# Task prompt
Copy, exactly as written, the lines that begin at the one containing "Los vecinos afectados, que" and end at the one containing "June 13, 2019". Skip any pictures in the data below.

# Data under study
■ ■ ■ ■ ■
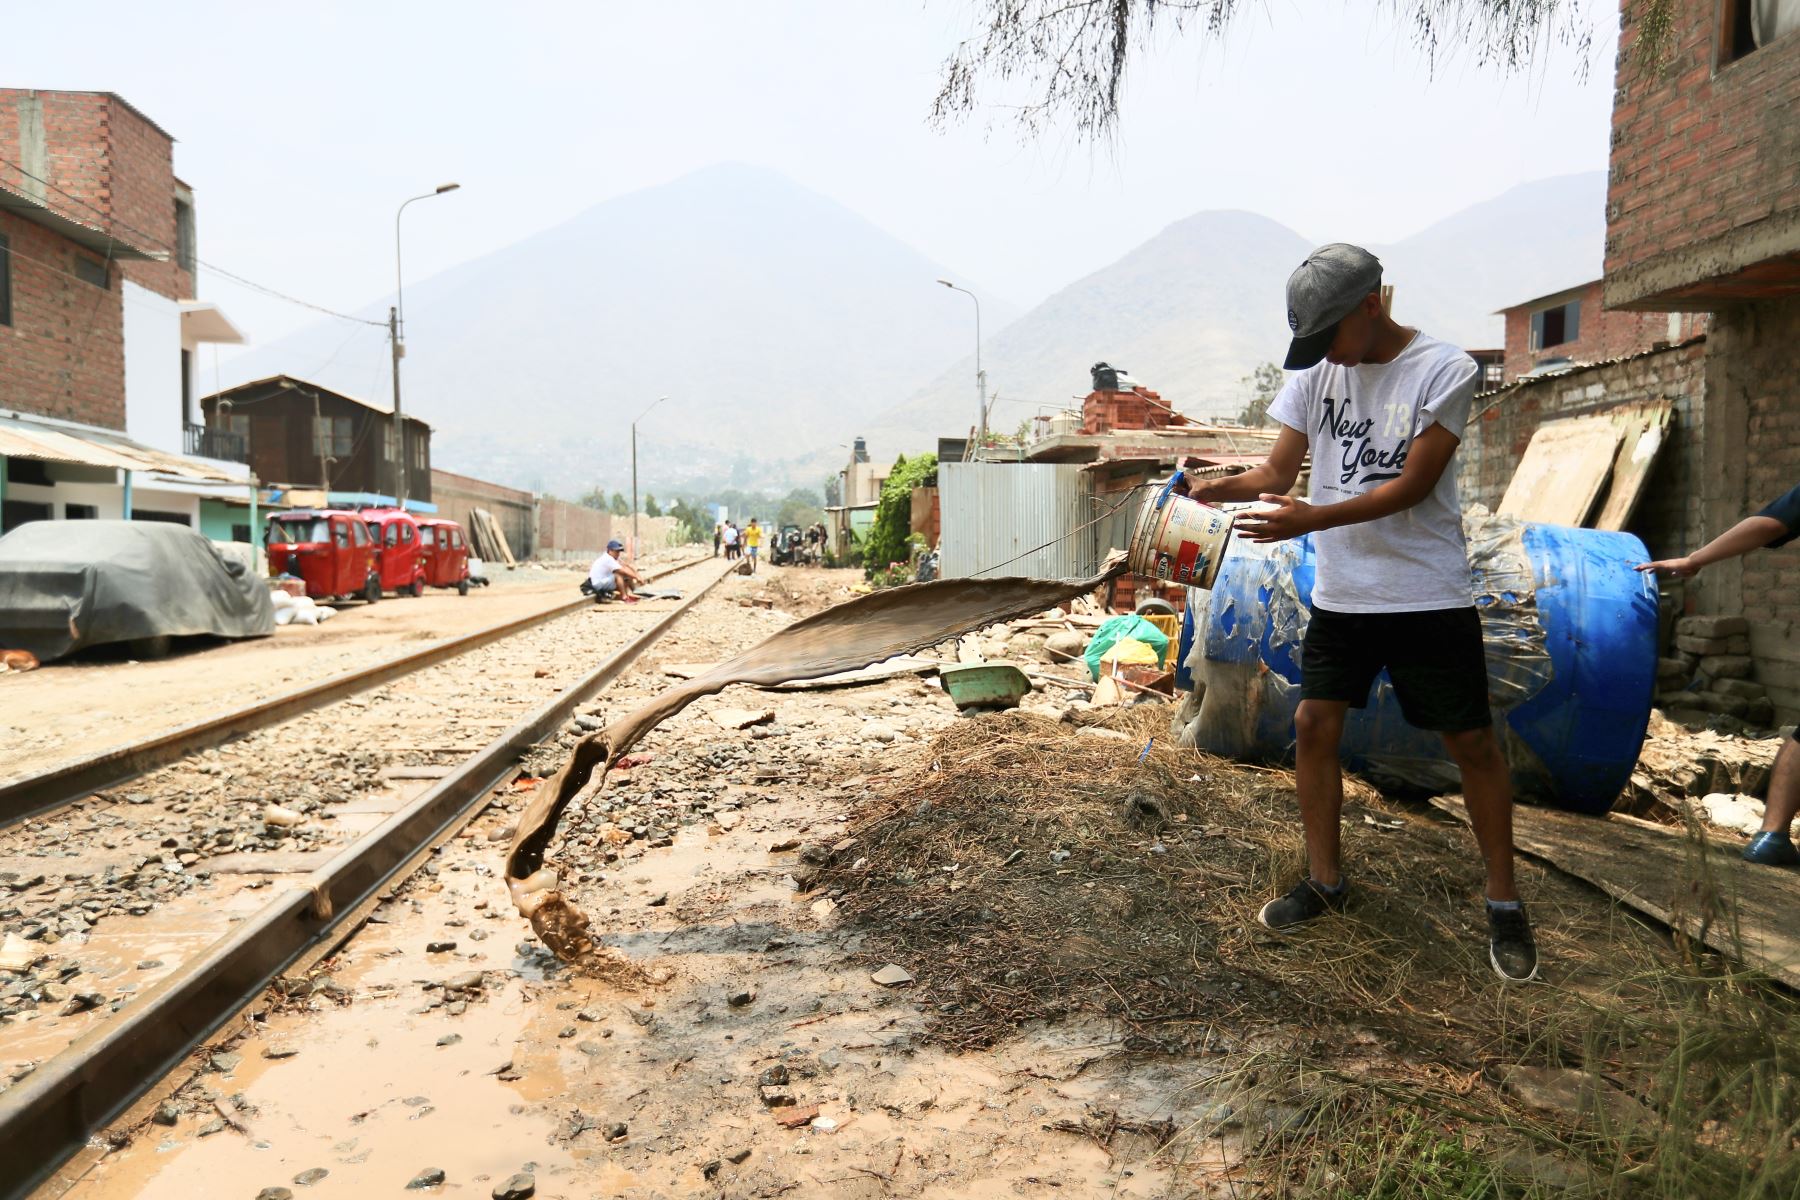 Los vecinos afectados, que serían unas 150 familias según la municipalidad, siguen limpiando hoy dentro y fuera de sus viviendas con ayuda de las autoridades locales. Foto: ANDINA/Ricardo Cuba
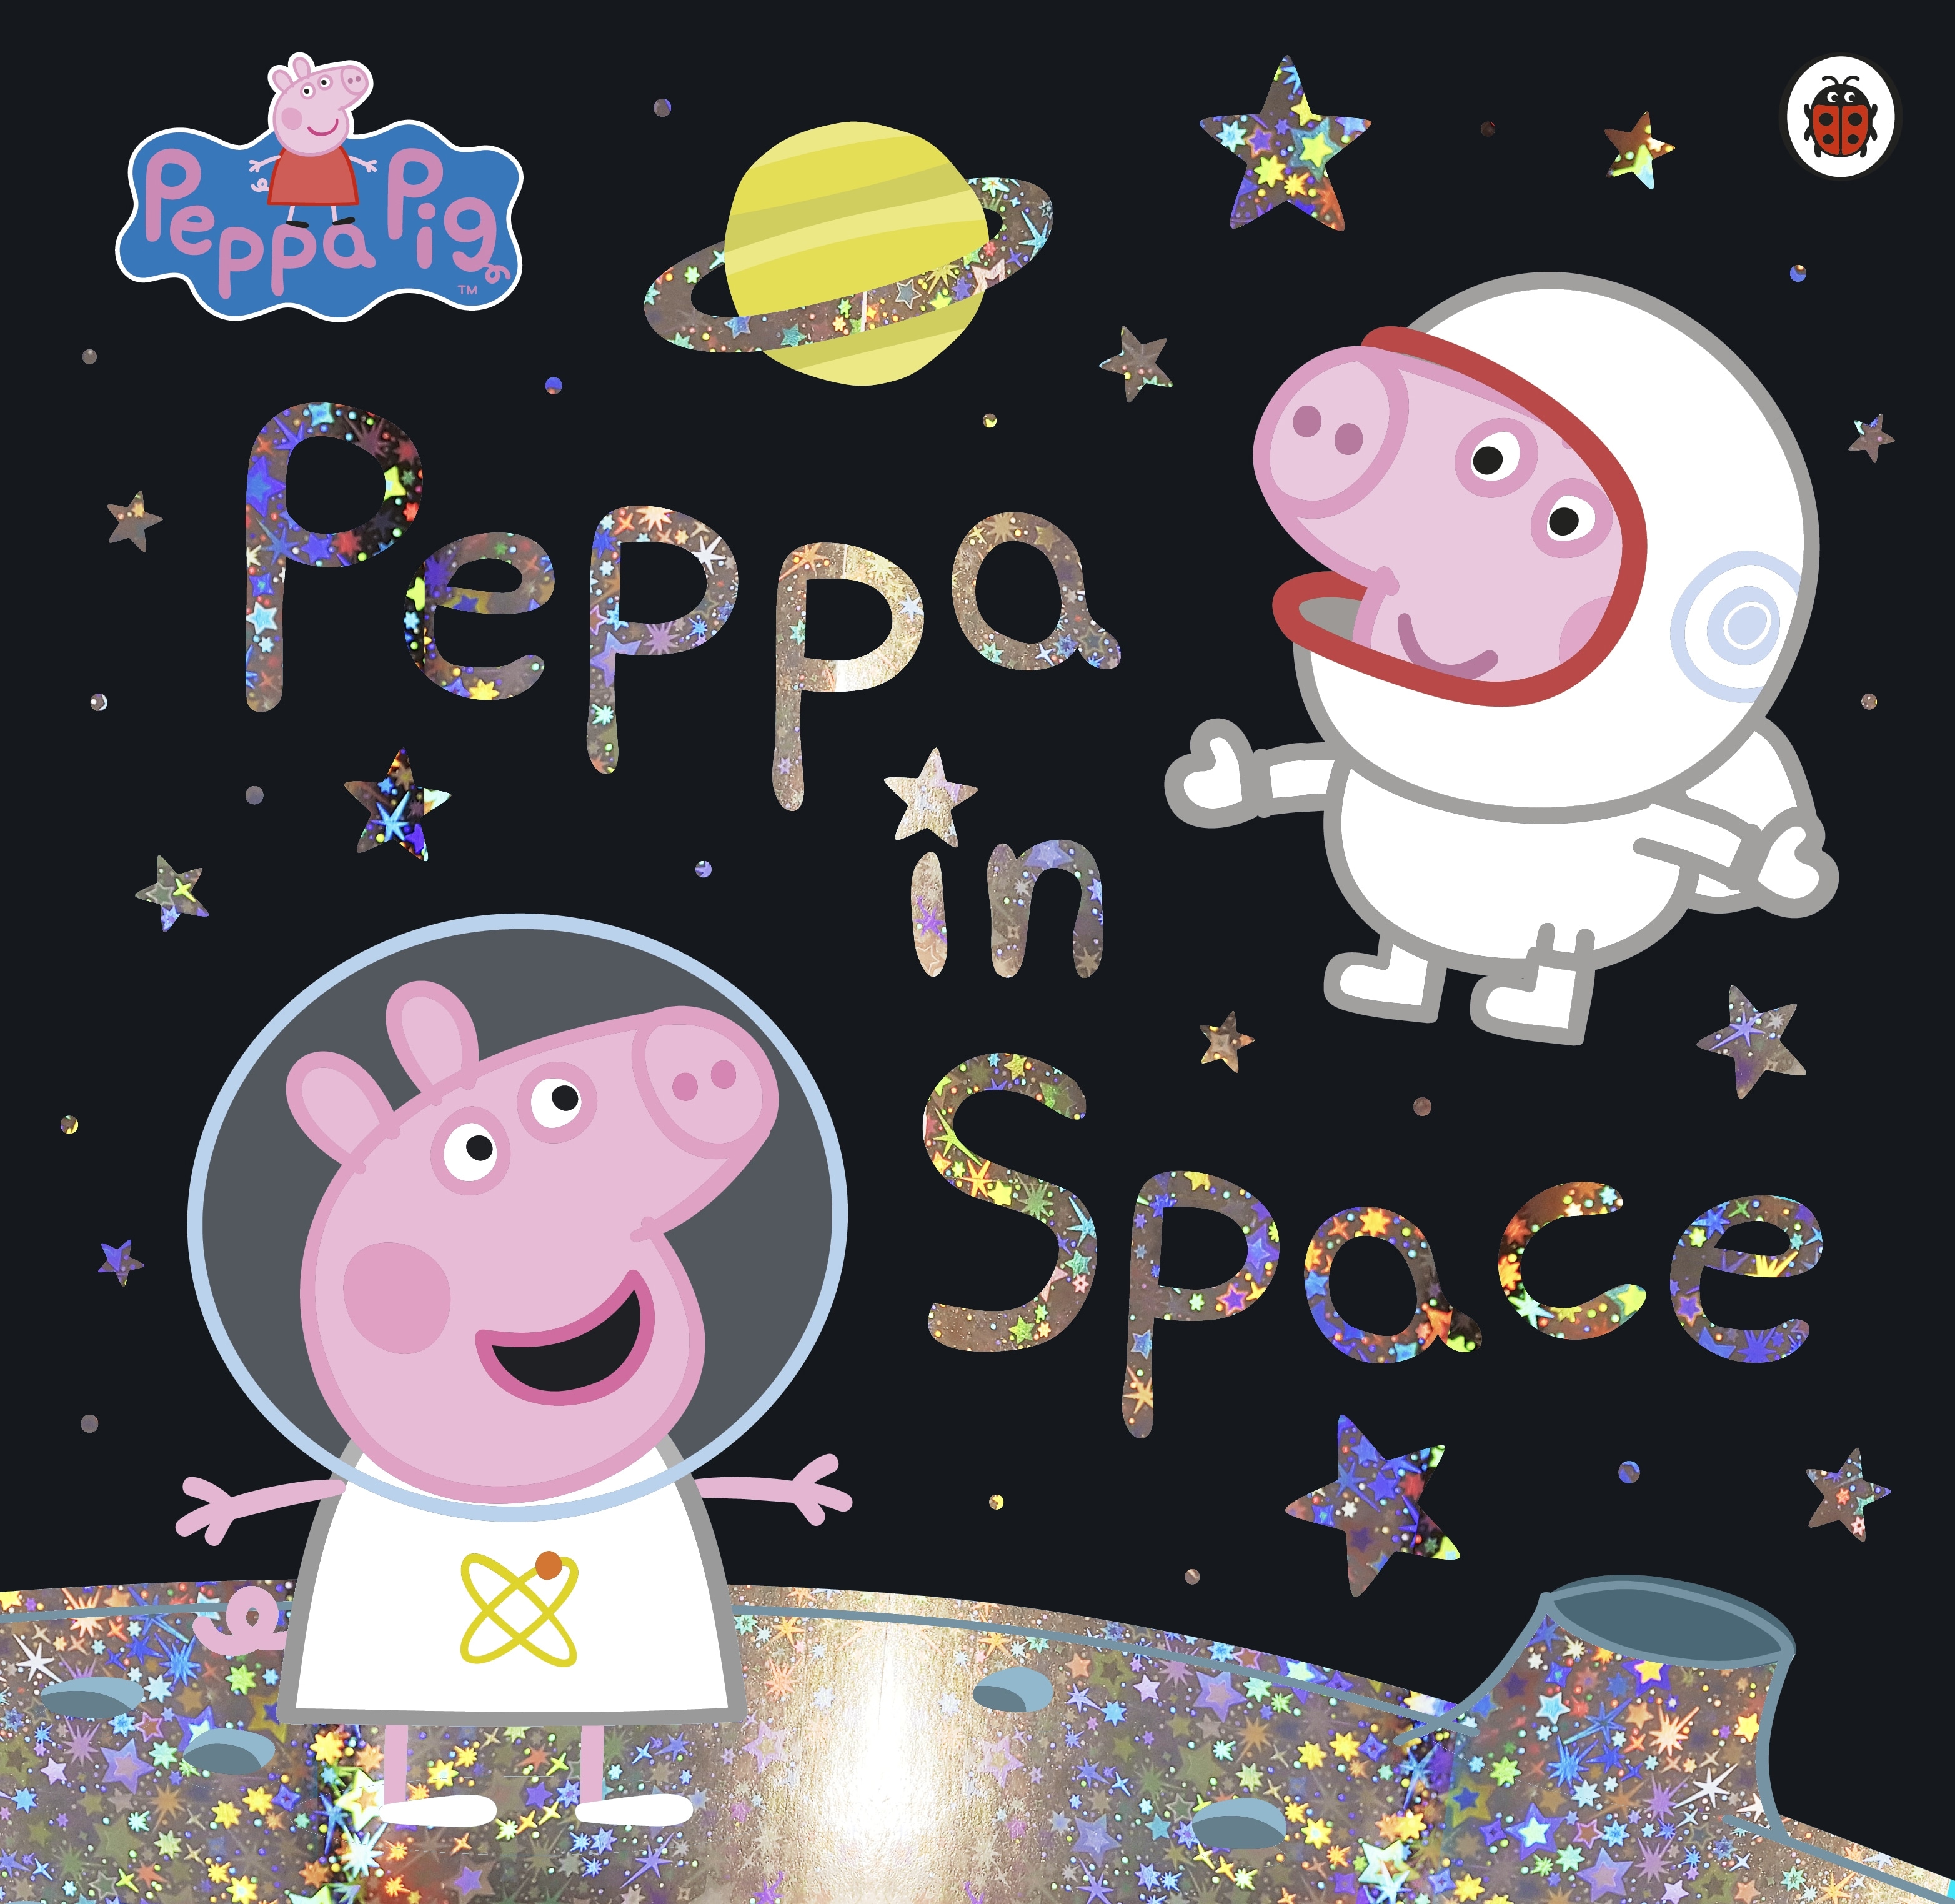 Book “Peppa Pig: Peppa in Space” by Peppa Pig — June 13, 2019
■ ■ ■ ■ ■
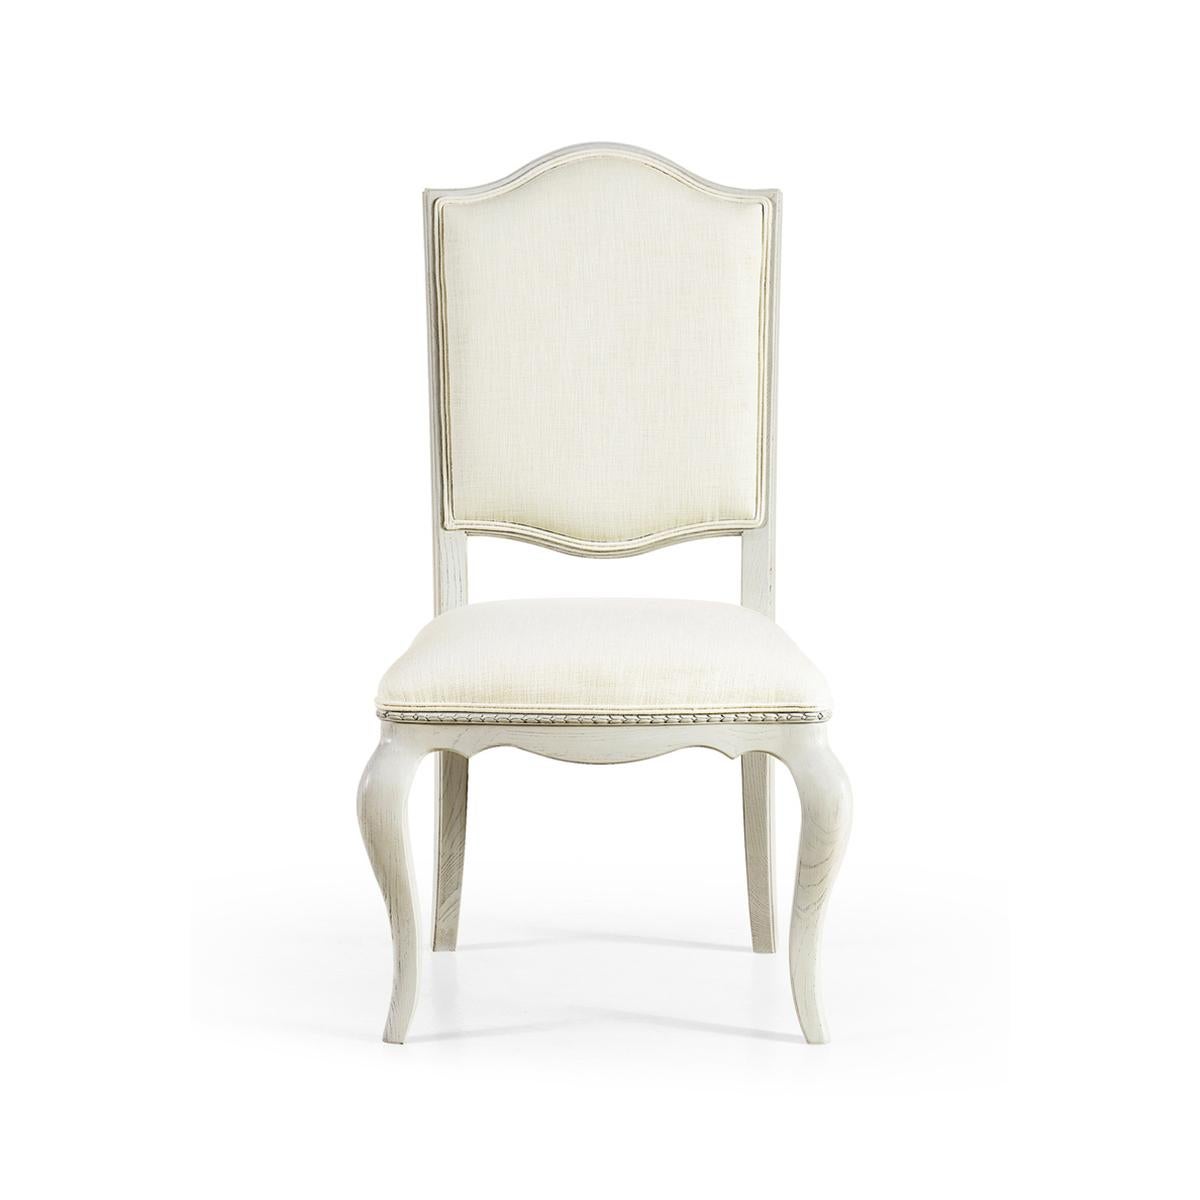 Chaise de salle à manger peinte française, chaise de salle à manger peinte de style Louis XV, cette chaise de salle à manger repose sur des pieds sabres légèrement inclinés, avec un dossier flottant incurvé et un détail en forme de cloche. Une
■ ■ ■ ■ ■
# Worked solution
 Los vecinos afectados, que serían unas 150 familias según la municipalidad, siguen limpiando hoy dentro y fuera de sus viviendas con ayuda de las autoridades locales. Foto: ANDINA/Ricardo Cuba
 Book “Peppa Pig: Peppa in Space” by Peppa Pig — June 13, 2019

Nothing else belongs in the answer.